Long Form Sports Writing

28th November 2015
Article
4 min read
Edited
5th October 2020

It’s not writing a blog, nor is it embarking on a book. It’s having an idea and developing it, seeing where it goes and then finding a home for the finished article. Matt Thacker, managing editor of the Wisden Cricket Quarterly, the Nightwatchman, on long form sports writing.

Matt Thacker

It’s never been easier to get published – you just do it yourself. Start a blog, write your stuff, get it online, get noticed. Trouble is, it’s never been harder to get paid for getting published. There’s too much noise out there, too much competition, too many people wiser in the ways of the digital world and with the connections to make things happen for them. At your expense. 

It’s important, possibly even essential, to cultivate a group of people doing similar things in similar worlds – everyone is a bit lonely and needs like-minded friends. You need your ambassadors, your cheerleaders, your referrers, people going in to bat for you. And they need you in return. There are some fantastic writers who rarely get published and some average ones who regularly do. That’s often a question of confidence, being media-savvy, having cojones (or is it self-delusion?), and understanding that writing is very rarely about locking yourself away in a garret and crafting your beautiful words. An amusing twitter presence is often just as important as your purple prose – you’re without doubt going to be your own best (and cheapest) publicist.

True, you shouldn’t try and succeed without at least a modicum of talent. The late Richie Benaud once said: “Captaincy is 90 per cent luck and 10 per cent talent, but don't try it without the 10 per cent." The same could be said of getting published.

And when you’re choosing what to write about, go for something different, something personal, something you can research, something polemical, something that is not going to lose currency after a week or two, like most things on sports news sites.
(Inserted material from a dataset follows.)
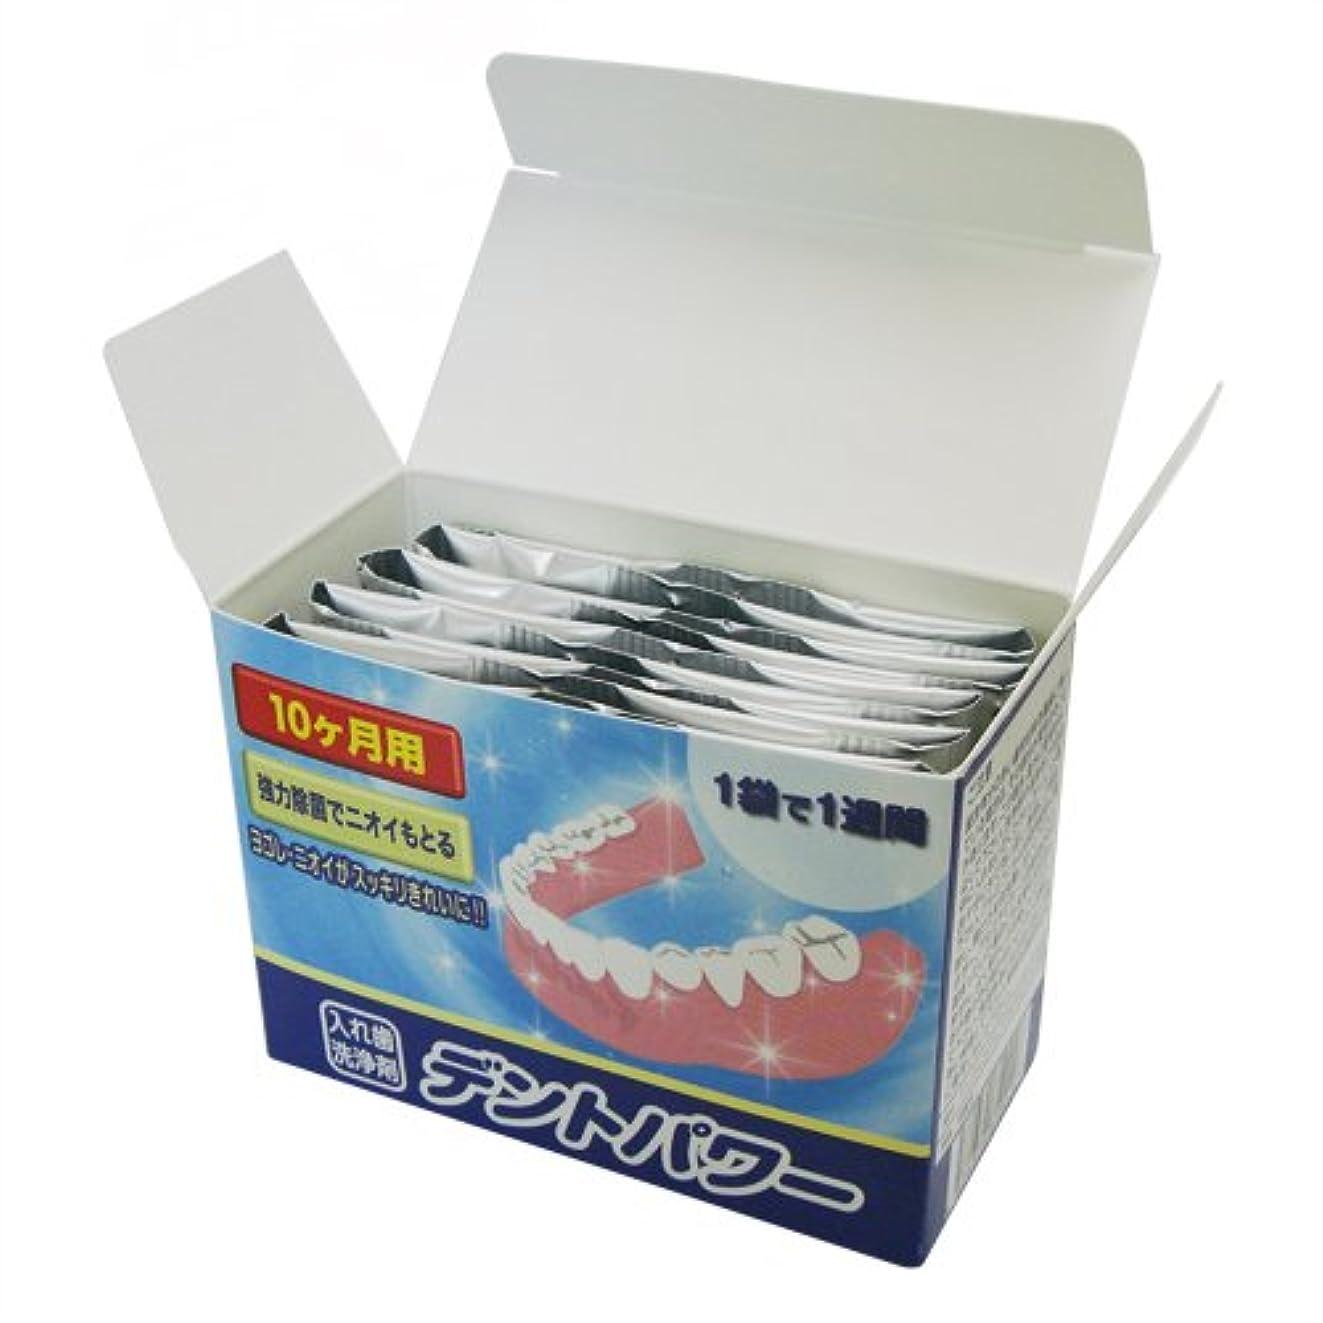 狂気飾り羽豊かなデントパワー 入れ歯洗浄剤 10ヵ月用(専用ケース無し)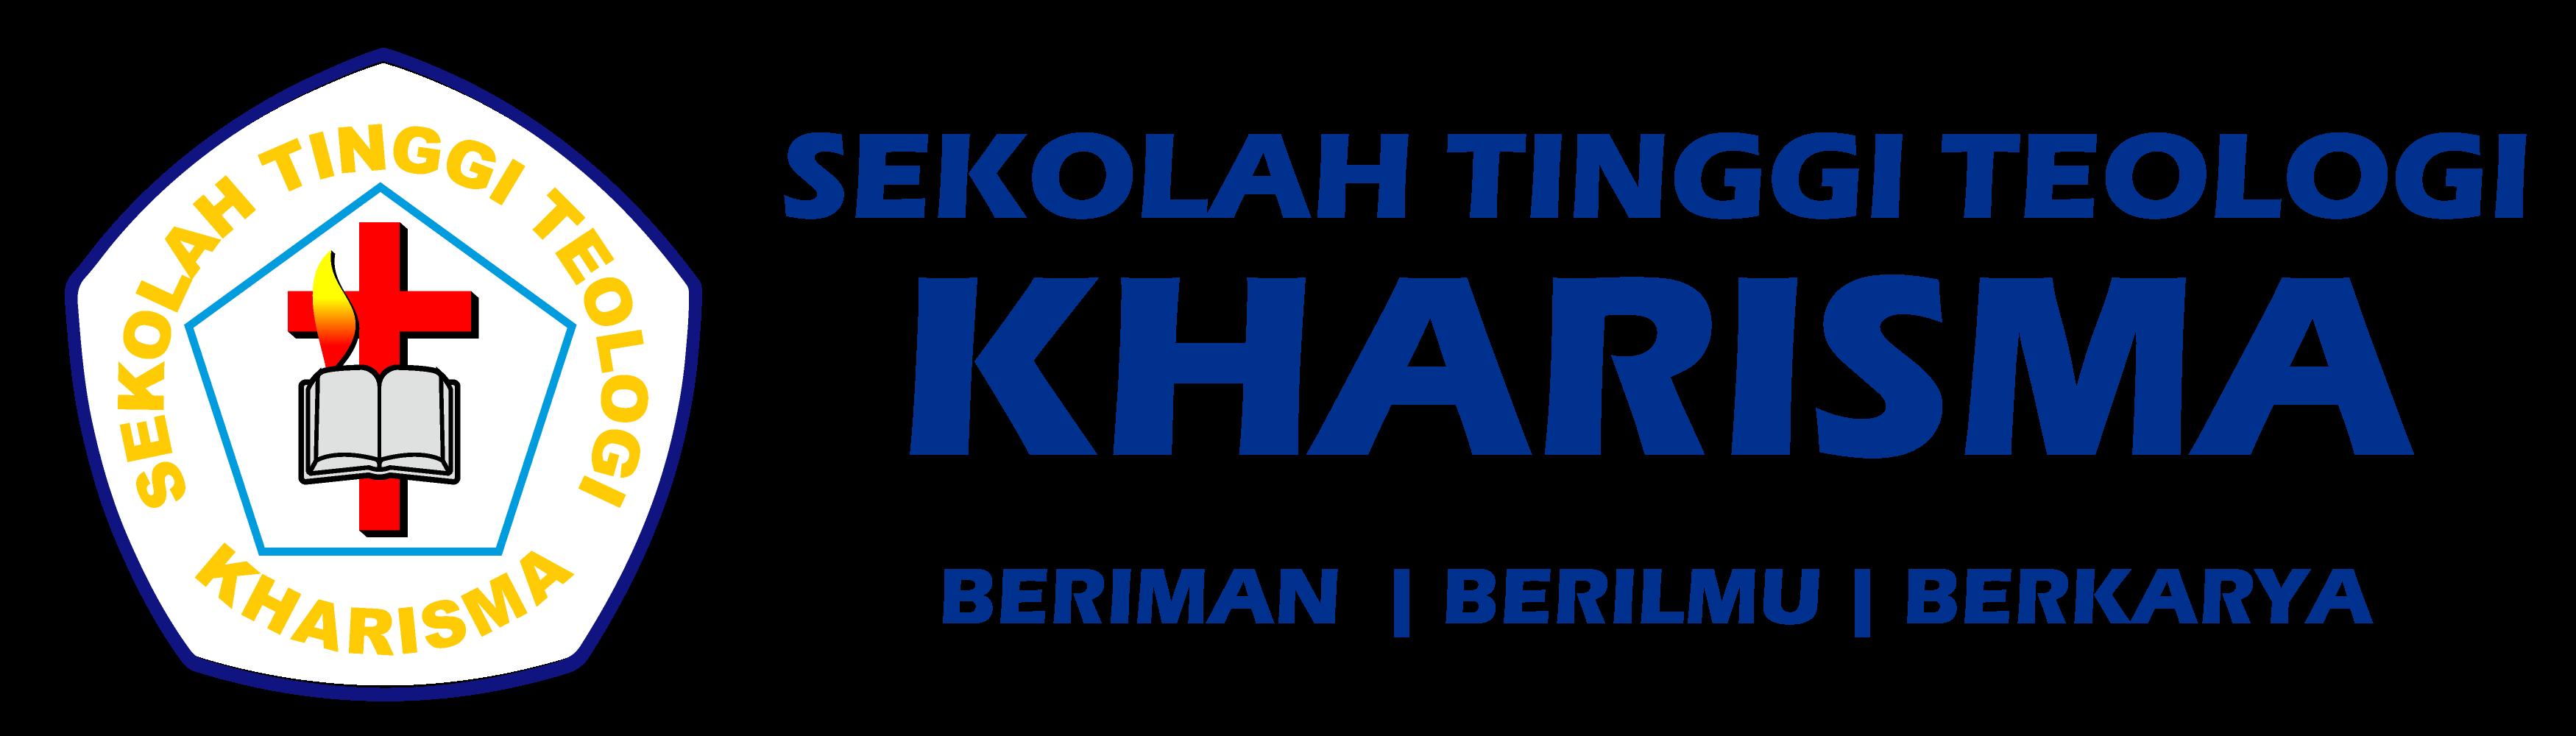 Sekolah Tinggi Teologi Kharisma

And take your time over it. Just because it’s not a book doesn’t mean it’s not important. Publications that run long form writing rarely want topical pieces – those here-today-gone-tomorrow articles tend to be shorter, written in haste, forgotten more readily. But they always want quality.

Seeing what others are up to, what they have written, is essential. Keeping abreast of things will mean you’ll know what to avoid and what’s “been done”. It might spark ideas in your own mind, or reveal a well-turned phrase or killer finish that you can adapt at some point. So click on Grantland (well, its back catalogue anyway), on The Old Batsman, on Cricinfo magazine. Put the hours in and take it seriously. 

Nightwatchman

And look at other blogs in your area – many are helpfully listed on similar blog sites – and get in touch, ask for advice, keep talking, not just writing.

In my sphere of interest, I am managing editor of The Nightwatchman, the Wisden Cricket Quarterly, where three of us act as co-editors and commission about 20 essays a quarter of between 1,000 and 10,000 words. We want diversity – of subject matter, of geographical location (past and present), of gender, of style, of article length, of degree of fame of the contributors, and of occupation of the writers – we actively encourage those who are not cricket journalists to submit work as they come at the sport, and at writing, from a different angle.

When pieces come in, we work with the writer to get them ready for publication. In most instances that means an initial chat between the three of us to check we are broadly in agreement on a piece or a writer’s relative strengths and weaknesses. Normally this amounts to “broadly fine, needs slight tweaking” or “needs to lose about half”. Then one of us will work with the writer to implement the agreed changes. Rare are the occasions when we say: “needs to be longer.” All in all, it’s a collaborative process, and a fun one.

And the most important thing? Try it. Put yourself out there, dare to fail.